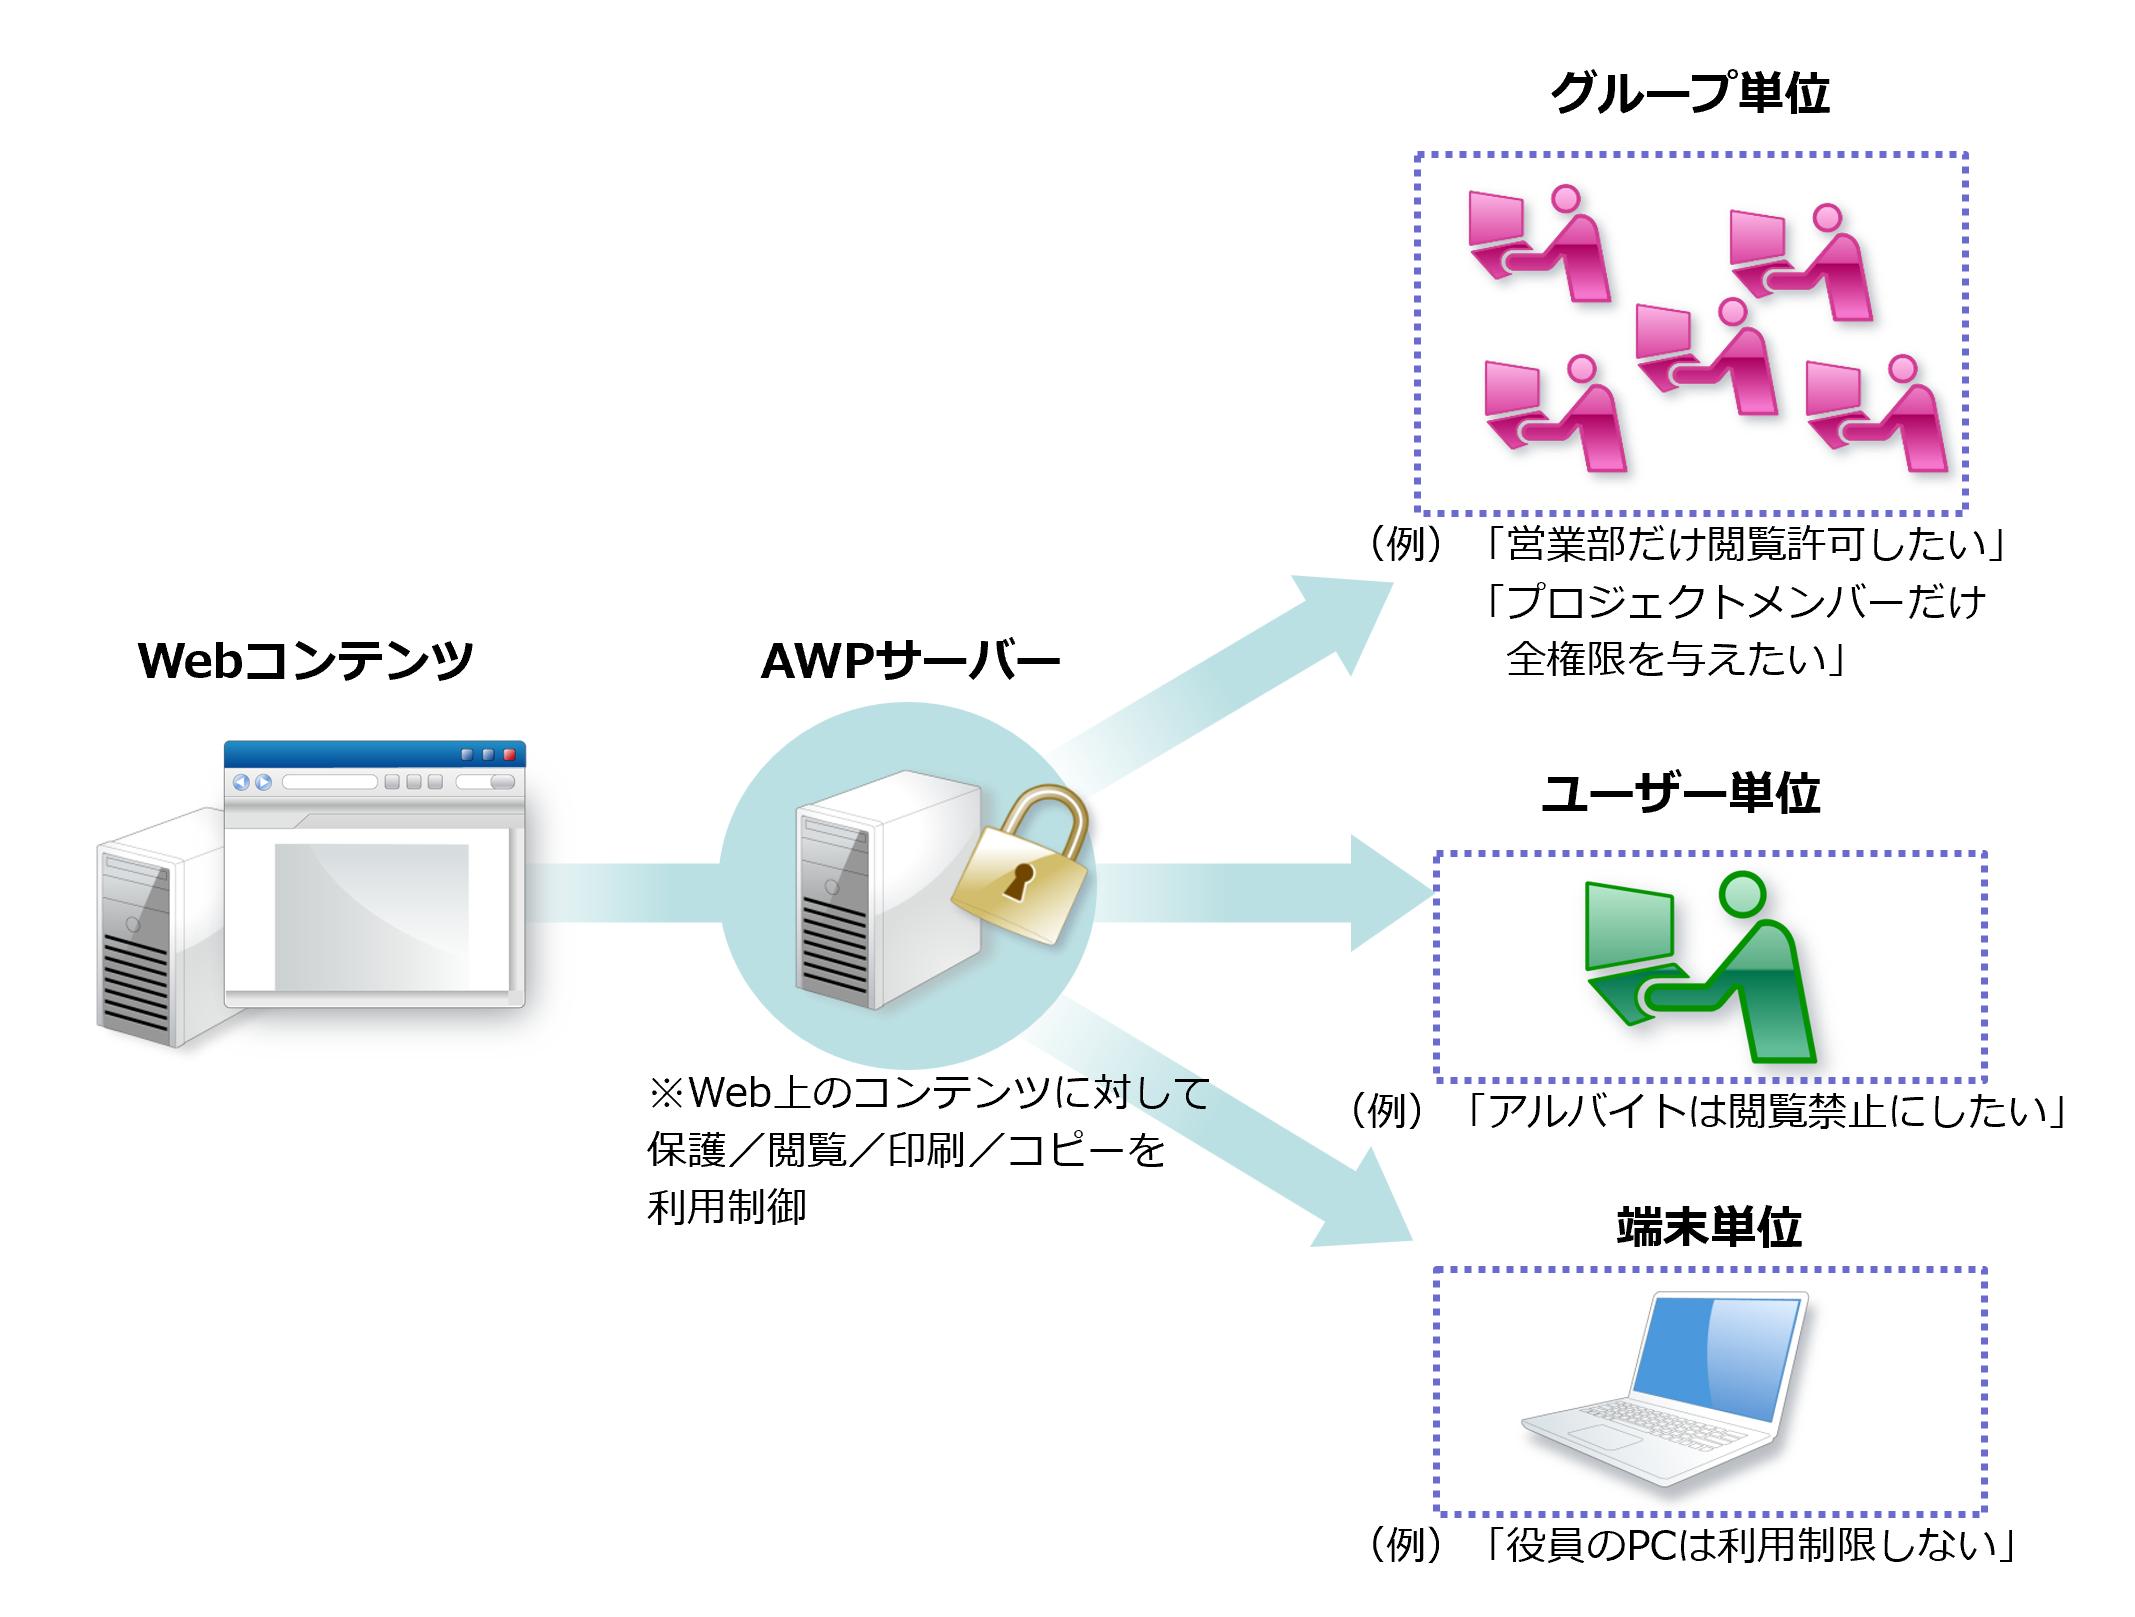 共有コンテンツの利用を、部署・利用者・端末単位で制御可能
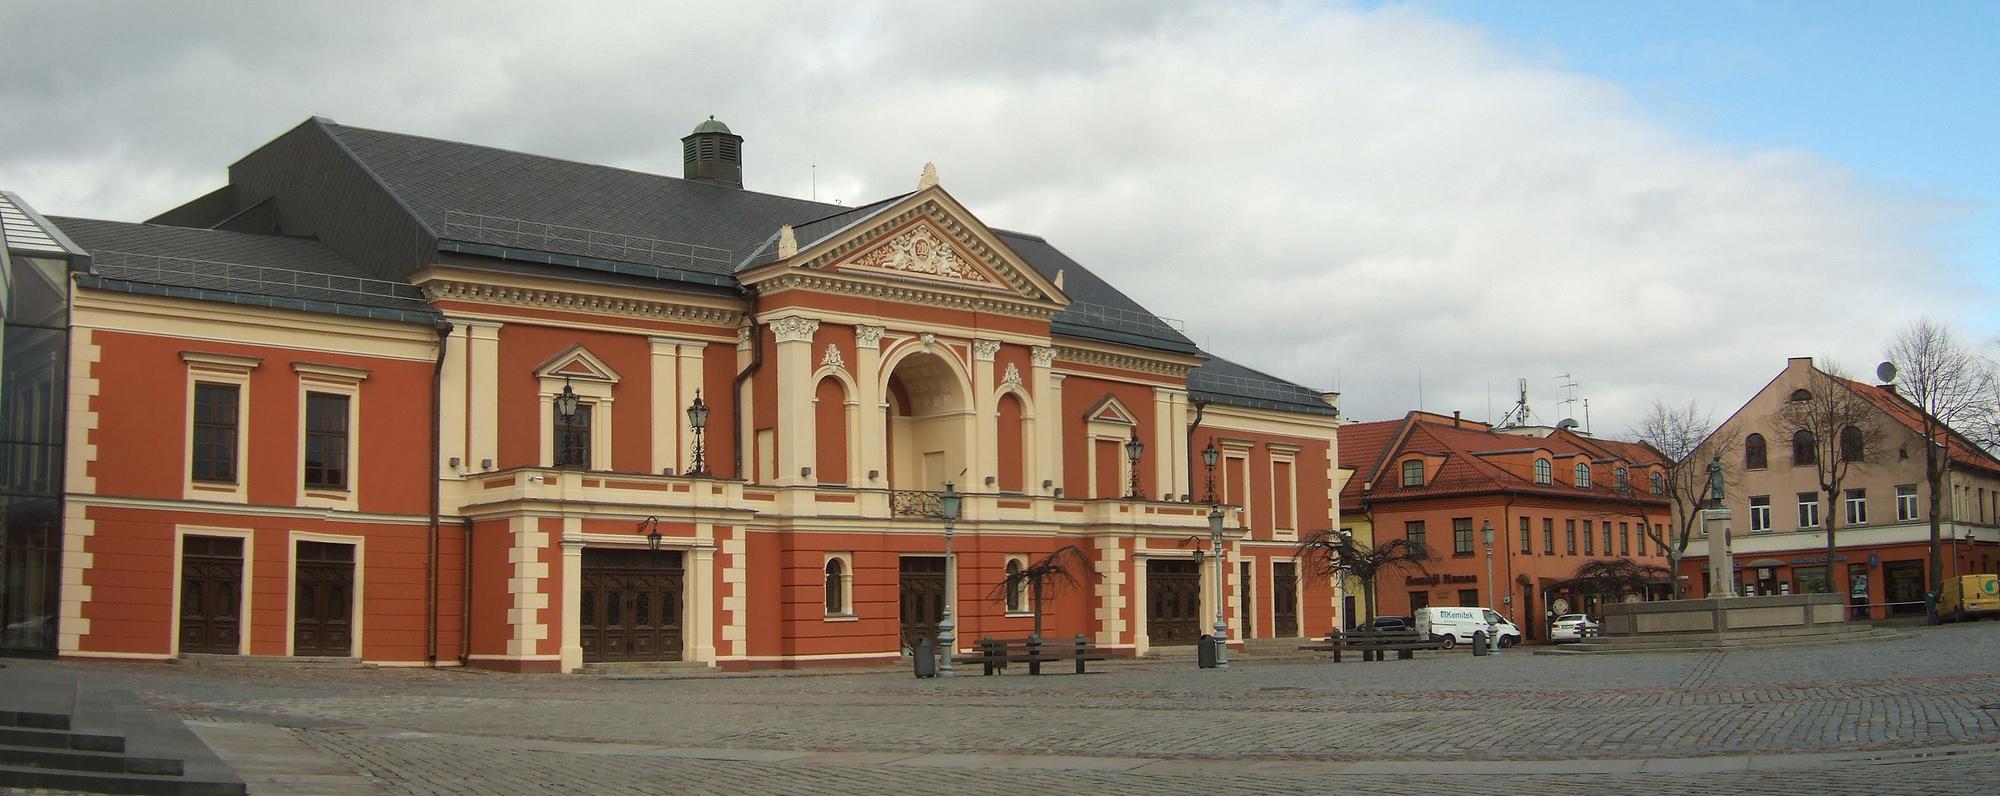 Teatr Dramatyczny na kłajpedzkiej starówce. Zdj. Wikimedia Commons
* * *
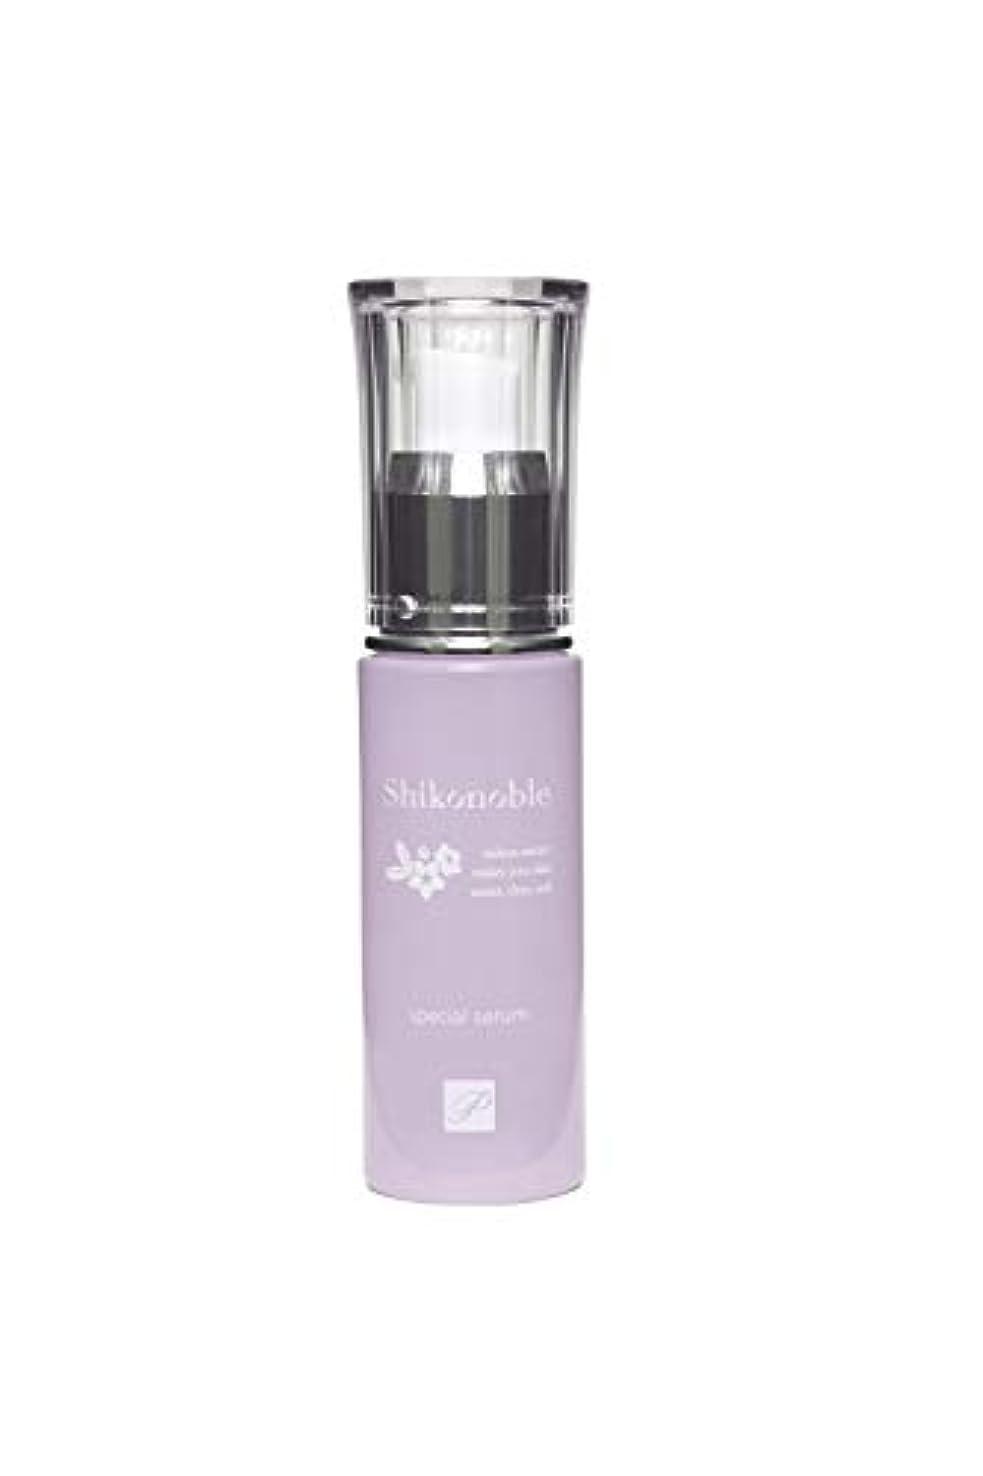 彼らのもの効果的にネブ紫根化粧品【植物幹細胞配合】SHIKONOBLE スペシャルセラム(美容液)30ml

→ Task goal: Above are records with pictures. Reproduce exactly only the lines from the line with "共有コンテンツの利用を、部署・利用者・端末単位で制御可能" through the line with "Teatr Dramatyczny na", both ends included, and leave the pictures out.

→ Output below:
 共有コンテンツの利用を、部署・利用者・端末単位で制御可能
 Teatr Dramatyczny na kłajpedzkiej starówce. Zdj. Wikimedia Commons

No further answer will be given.